All wrong... but... by Psarchasm · 2003-10-29 15:37 · Score: 1

I've only seen one answer thus far that even comes close to solving the problem as the user attempted to describe it. But I think the problem was that the person didn't know exactly what they really wanted, and therefore worded the question poorly.

The correct answer to this question is a mixture of solutions... as it makes no sense to completely mirror a filesystem accross multiple workstations. You'll never need to carry that entire filesystem with you at all times unless it carries your booting operating system.

Therefore I present my solution:

For the home user... dedicate two machines (your servers) to the redundant raid of your choice and means. RAID 5 could be the answer, RAID 1 could be the answer... RAID 5+1 could be the answer... not enough information is given to know just how much and what CRITICAL data you could possibly have at home. However this does give you a level of redundancy at the drive level. I would highly suggest making use of LVM in servers with more space to add drives later down the line.

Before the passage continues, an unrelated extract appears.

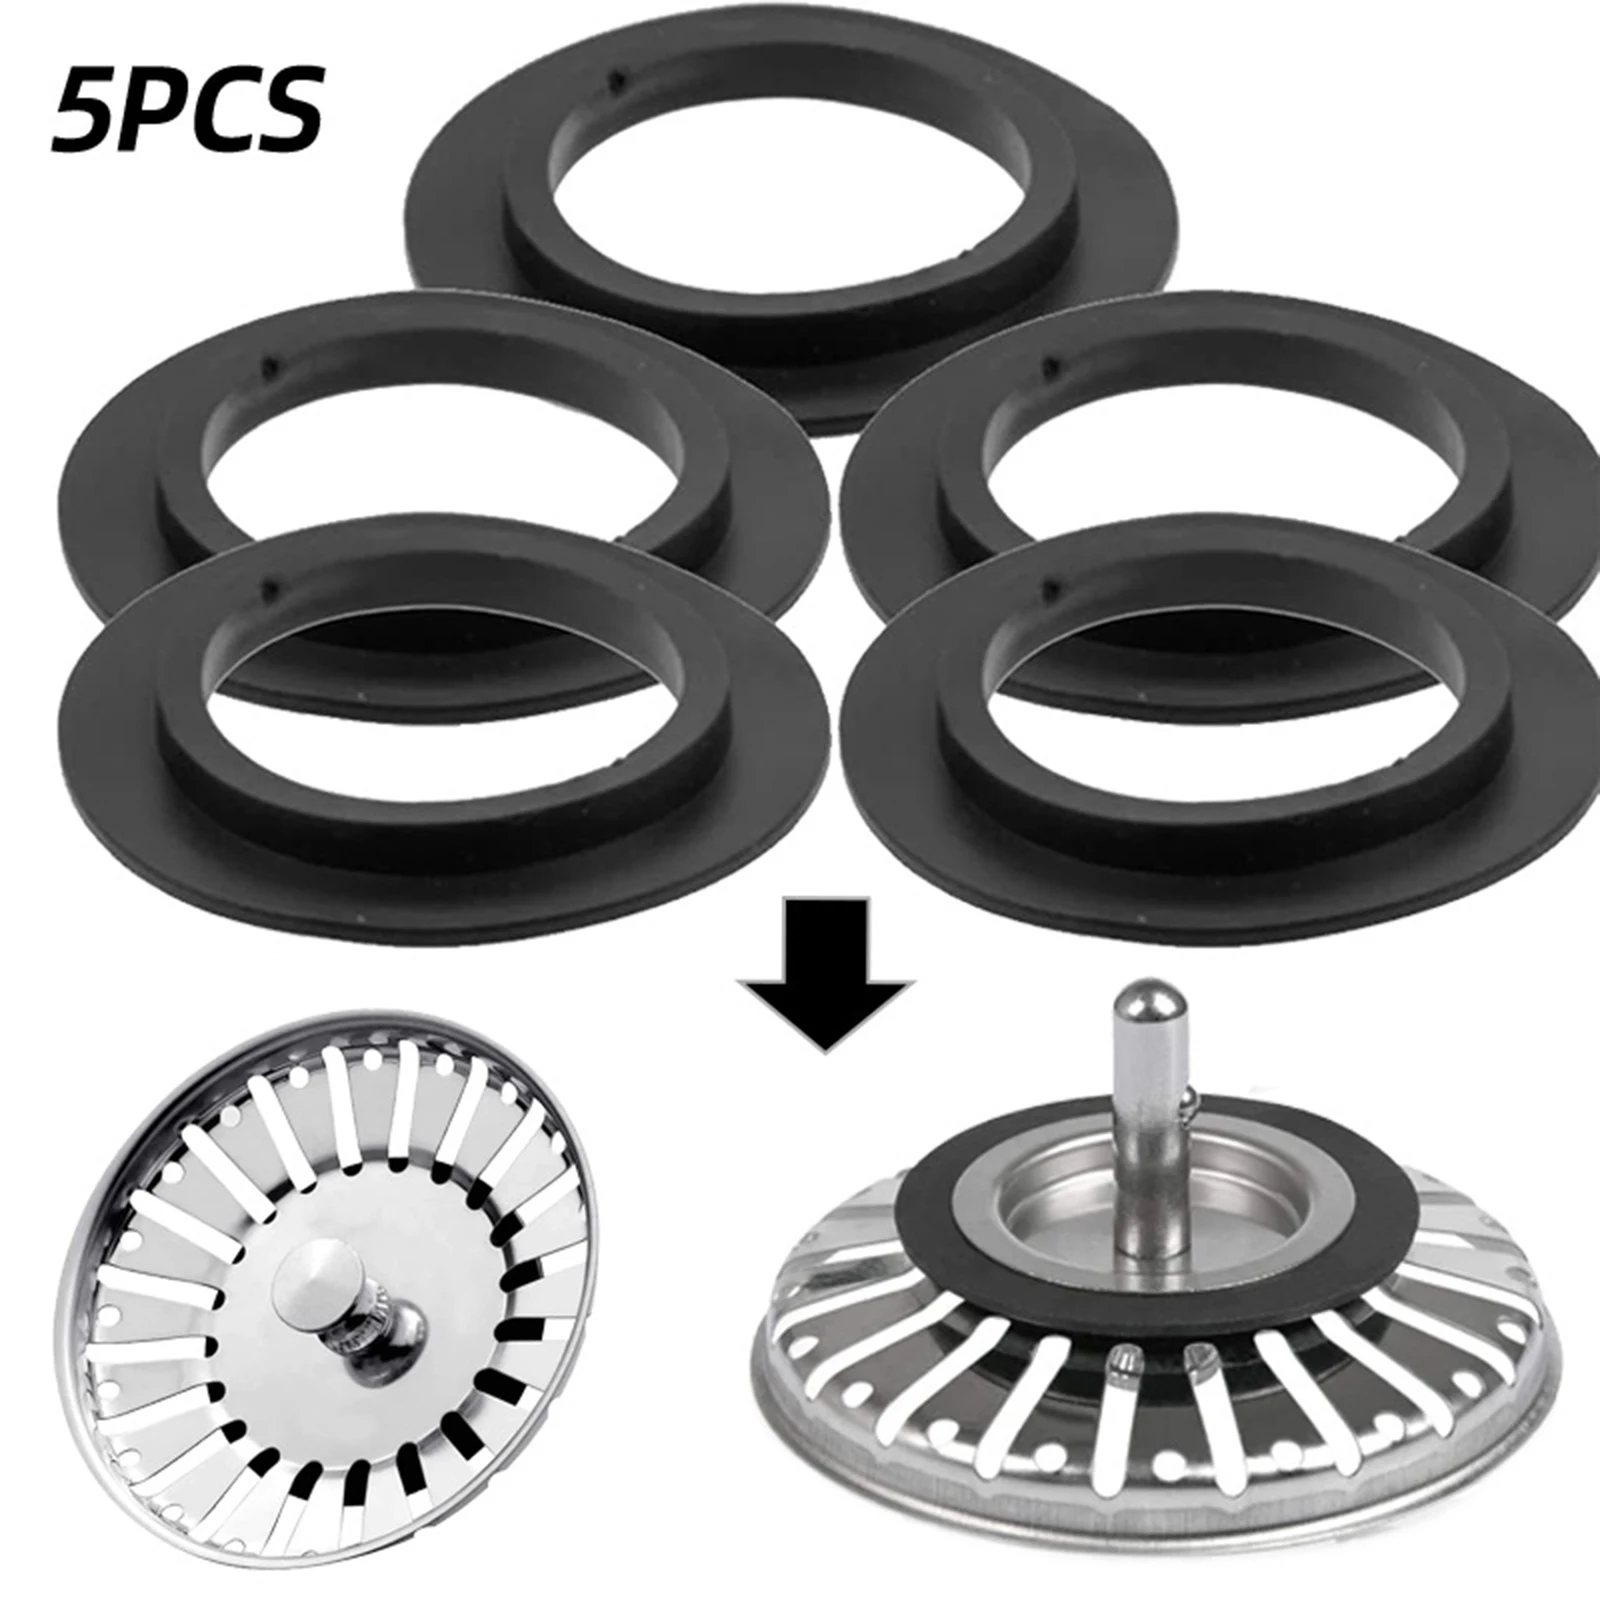 5Pcs Rubber Waterproof Gasket Strainer Seals Durable O-ring Washer Gaskets Kitchen Sink Filter Replacement Accessories 5pcs sealing washer replacement gaskets ring for nozzle repair adapter gasket sealing o rings rubber set repair

Next step is to mirror the data accross the two servers. I suggest CODA. Not terribly difficult to install, RPMs available if thats the way you bend, lots of time under its belt and because of what we are about to do, Windows is not required.

So how do my Linux and Windows clients get to the data? Well. There are a bunch of ways to accomplish this. You could install multiple types of network filesystems to support multiple operating systems. Which to me has always seemed rather crappy. Who wants to match all those user ids one might use. Or, horror of horrors, allow SMB or NFS (or Appletalk) out of the local network? Not me. BUT... what about WebDAV? Still somewhat in its infancy - and its already had a rather significant remote hole - it is fairly elegant. Linux, Windows 2000+, and MacOS X all support it... its web based (so your going to be running a web server too)... and your can run the whole thing under SSL. This makes it available to you from just about anywhere, and using just about anyones computer (though there are certainly security issues when authenticating if you want to do this). And it will natively pass through just about any firewall (including Application Proxy firewalls).

BUT... and this does suck, you cannot manipulate files directly on the WebDAV share. Files must be copied to local storage, editted, then copied back over.

So... your looking at Linux, LVM, RAID (hardware preferably), CODA, LVS (if you so desire), Apache, and WebDAV. Reading between the lines this really sounds more like what you are really looking for.

Of course, thats just my opinion. I could be wrong.

--
http://windows.scares.us

Raid across the network.. by technos · 2003-10-29 15:49 · Score: 1

I tried something like this back in 97-98.

Set up nfs servers on all the the computers that would store the data (servers), and setup loopback and software raid on the systems that would access it (clients). There was overlap between the two groups.

Created a couple hundred meg file on each of the computers in the exported directory. dd, yadda yadda..

Wrote a short script to mount all the exported trees, slap the files it found on loopback, and copied it around the clients. Made sure it would look for a lockfile, don't want more than one client accessing them at a time. Was a simple touch and exists affair.

Used one machine to make a raid, FS, etc, on the loopbacked devices.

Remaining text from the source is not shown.